- _Work order_:
Leaving out the pictures, please reproduce exactly and only the lines from the one that contains "Breakthrough Prayer Points With Scriptures" through the last line below.

- _Data provided_:
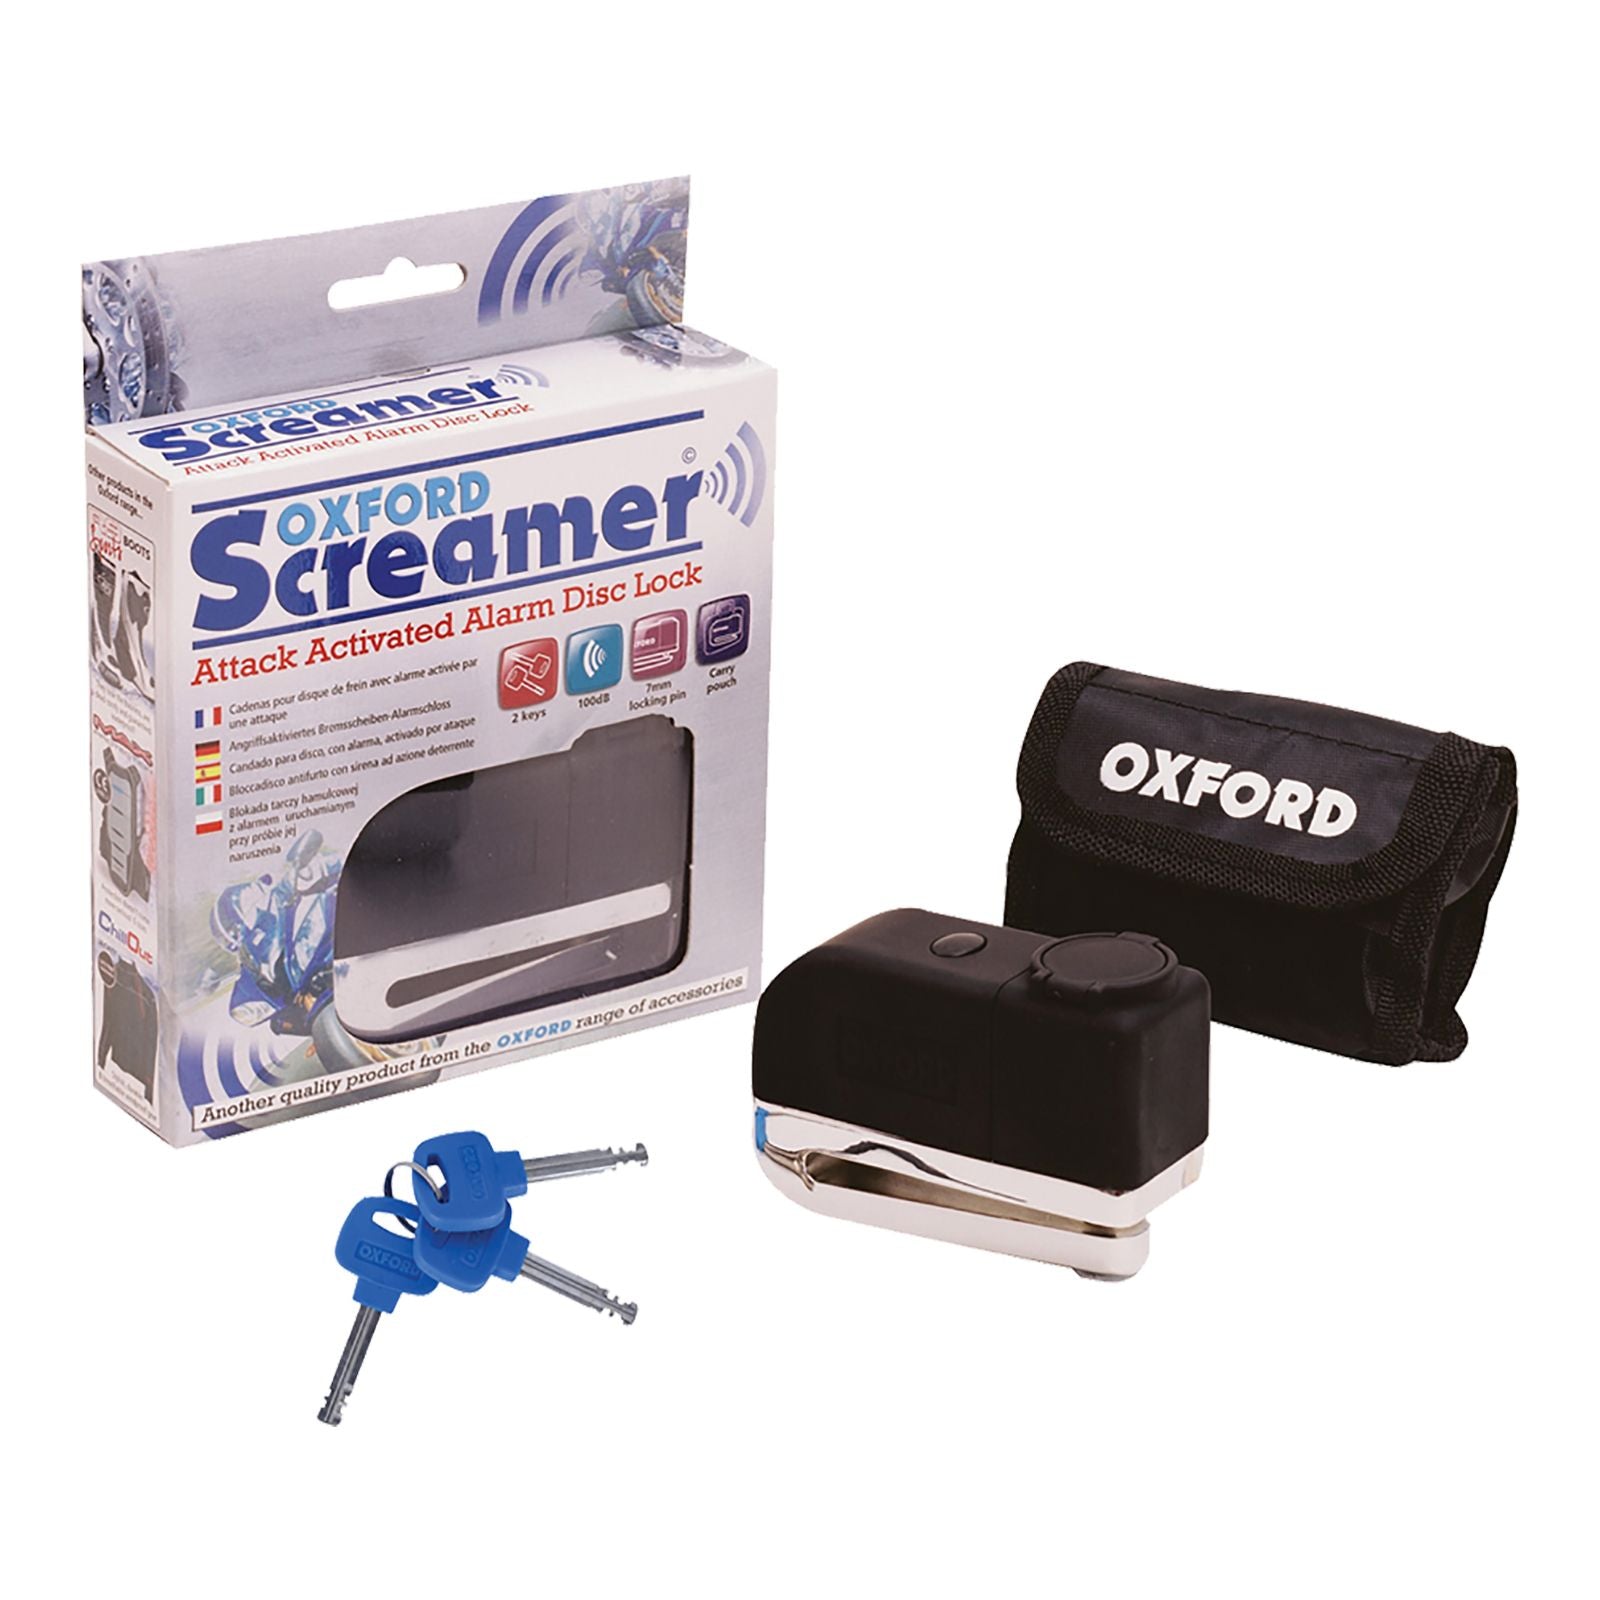 New OXFORD Screamer 100Db Alarm Disc Lock - Chrome / Black #OXOF229
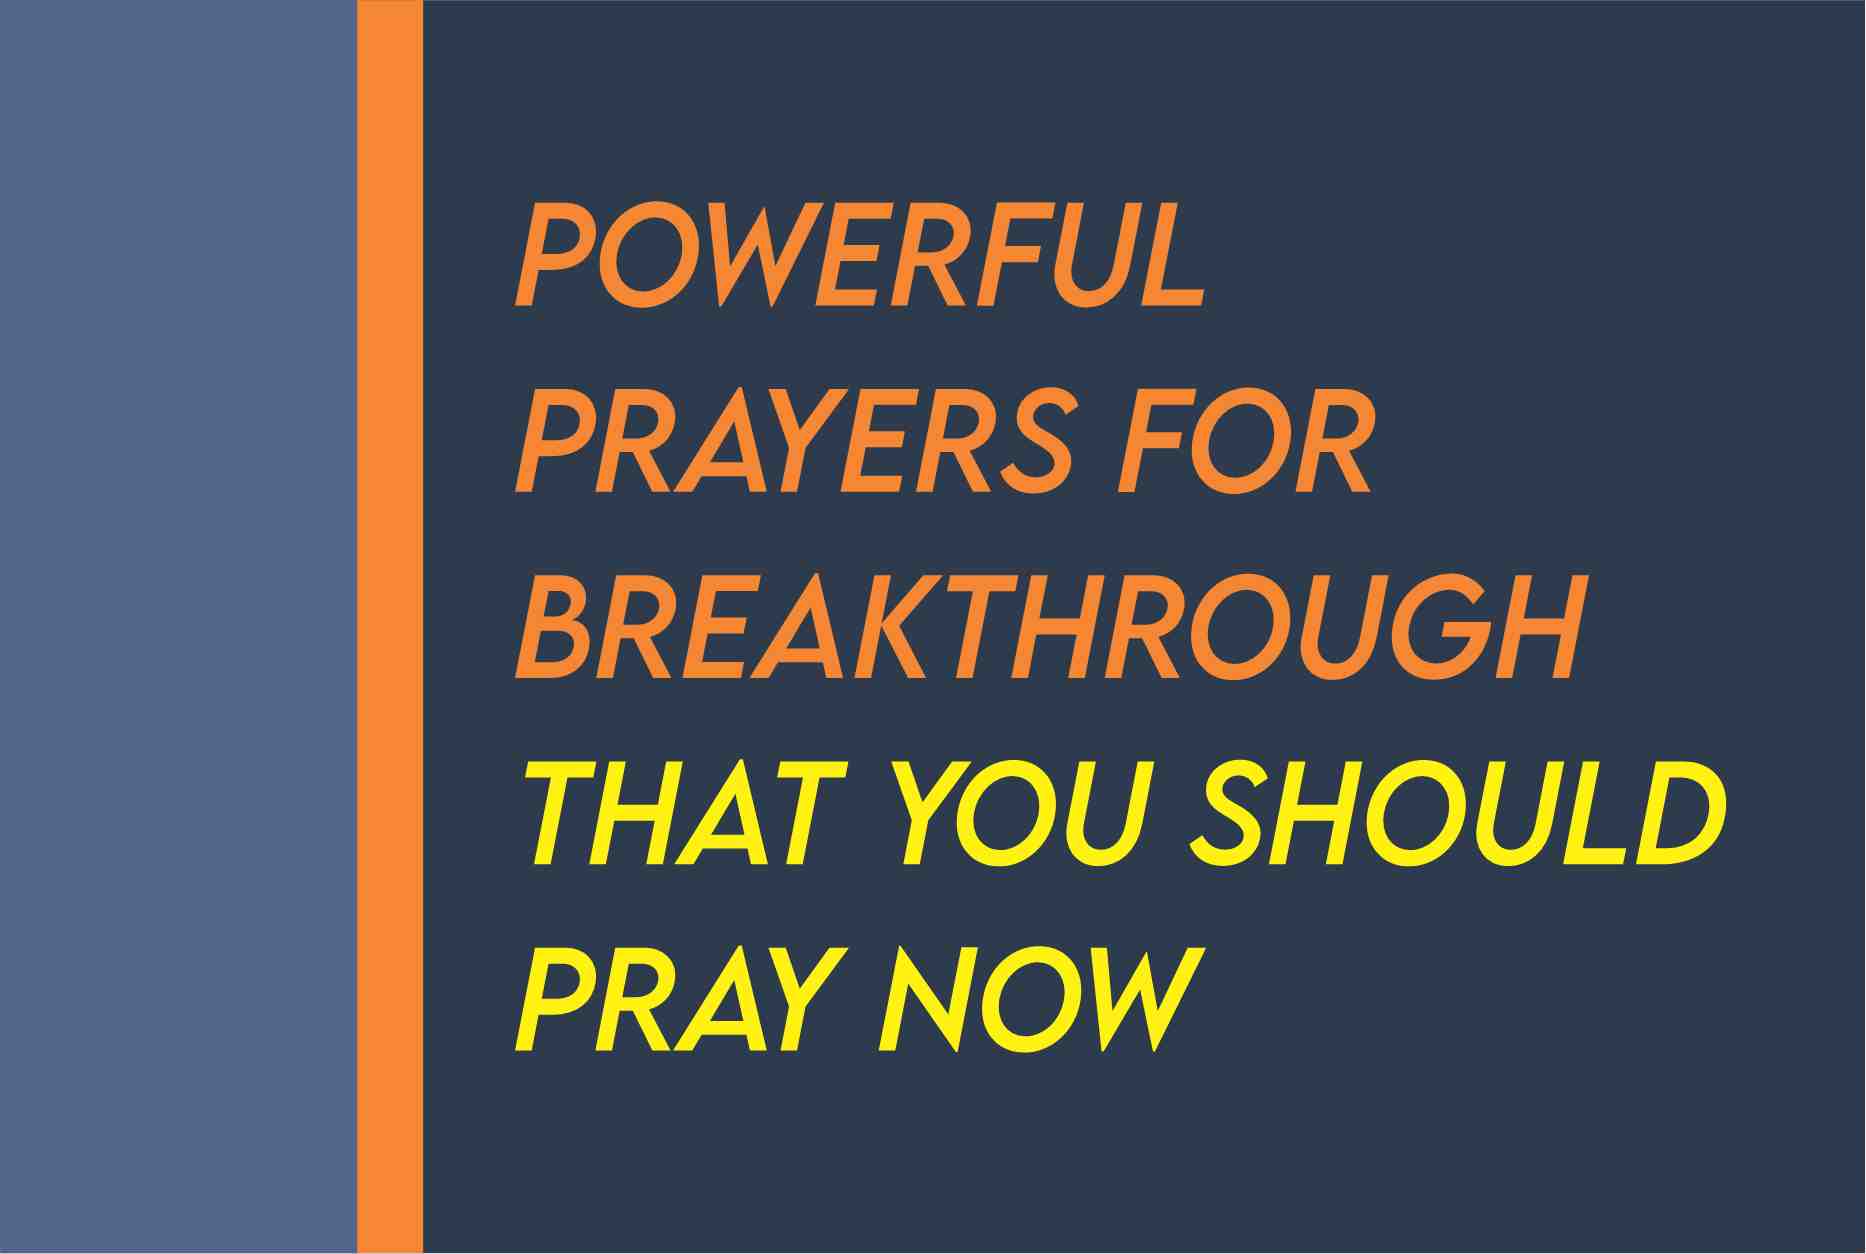 Breakthrough Prayer Points With Scriptures
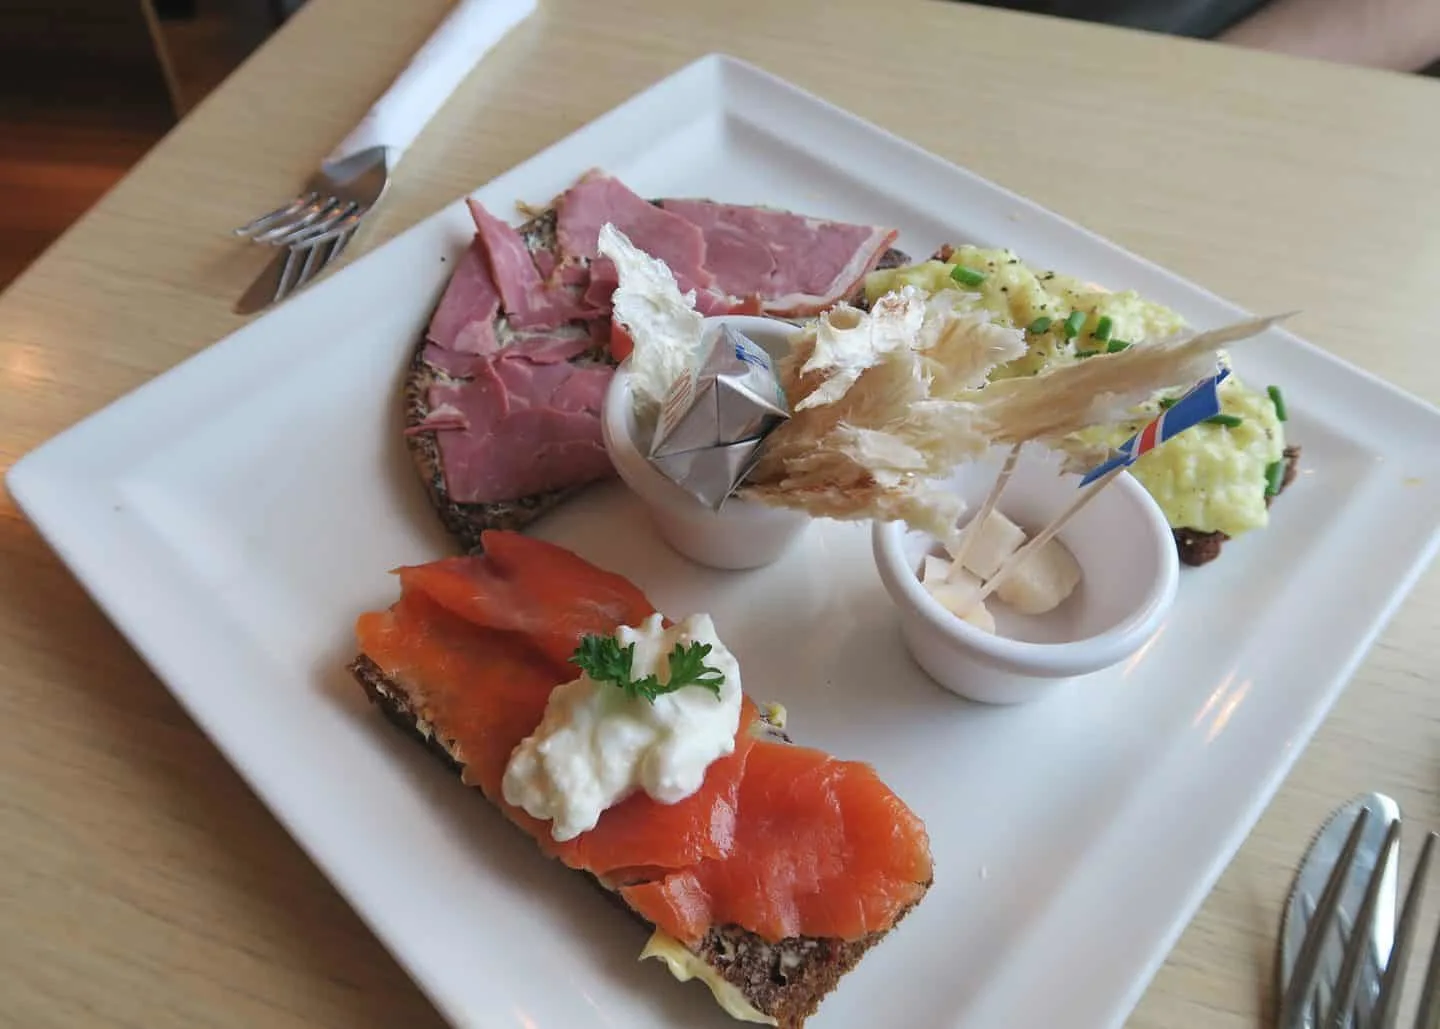 Café Loki is one of the best restaurants to visit in Reykjavik, Iceland
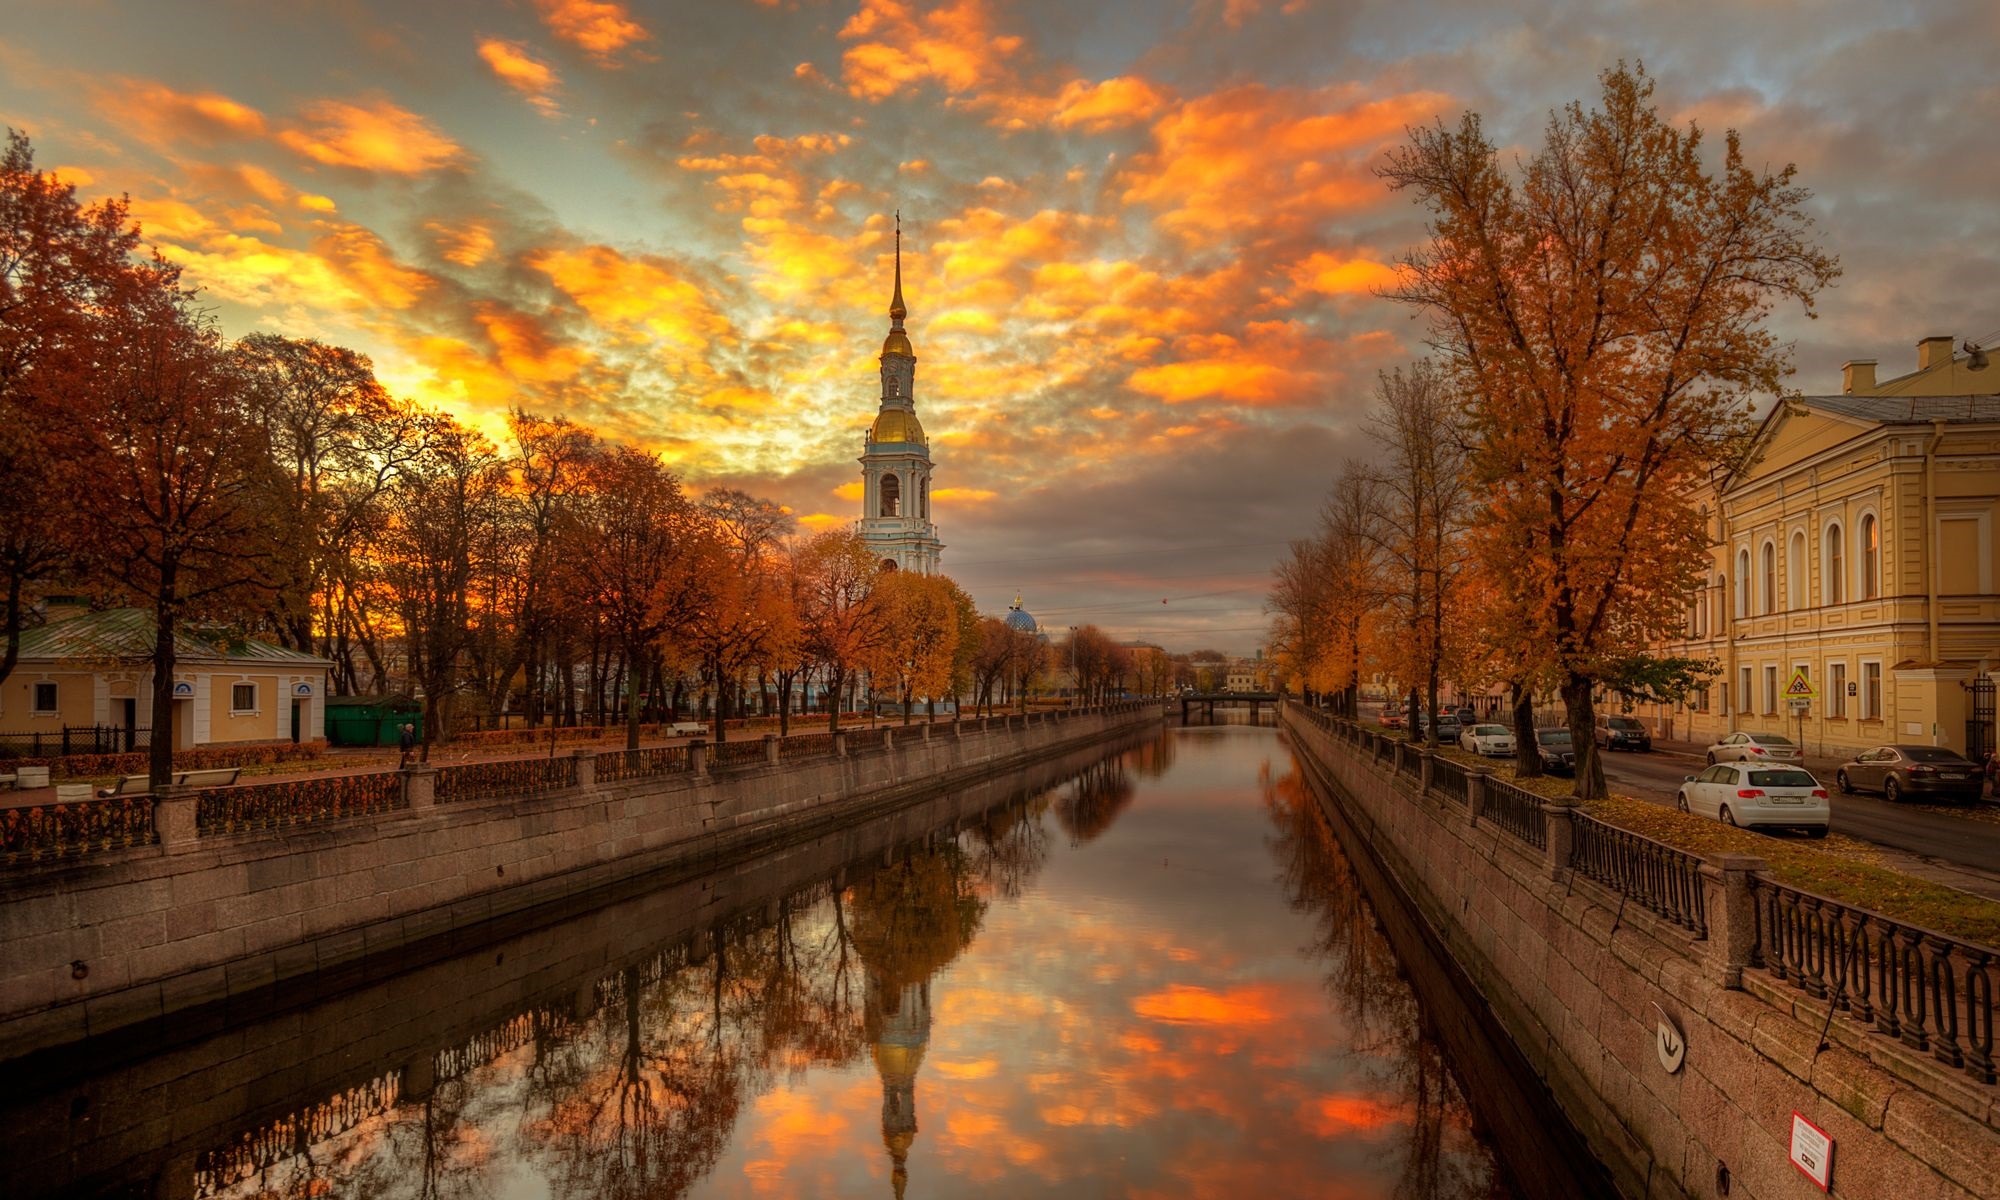 Saint Petersburg canal in autumn.

- _Response area_:
 Breakthrough Prayer Points With Scriptures
 Café Loki is one of the best restaurants to visit in Reykjavik, Iceland
 Saint Petersburg canal in autumn.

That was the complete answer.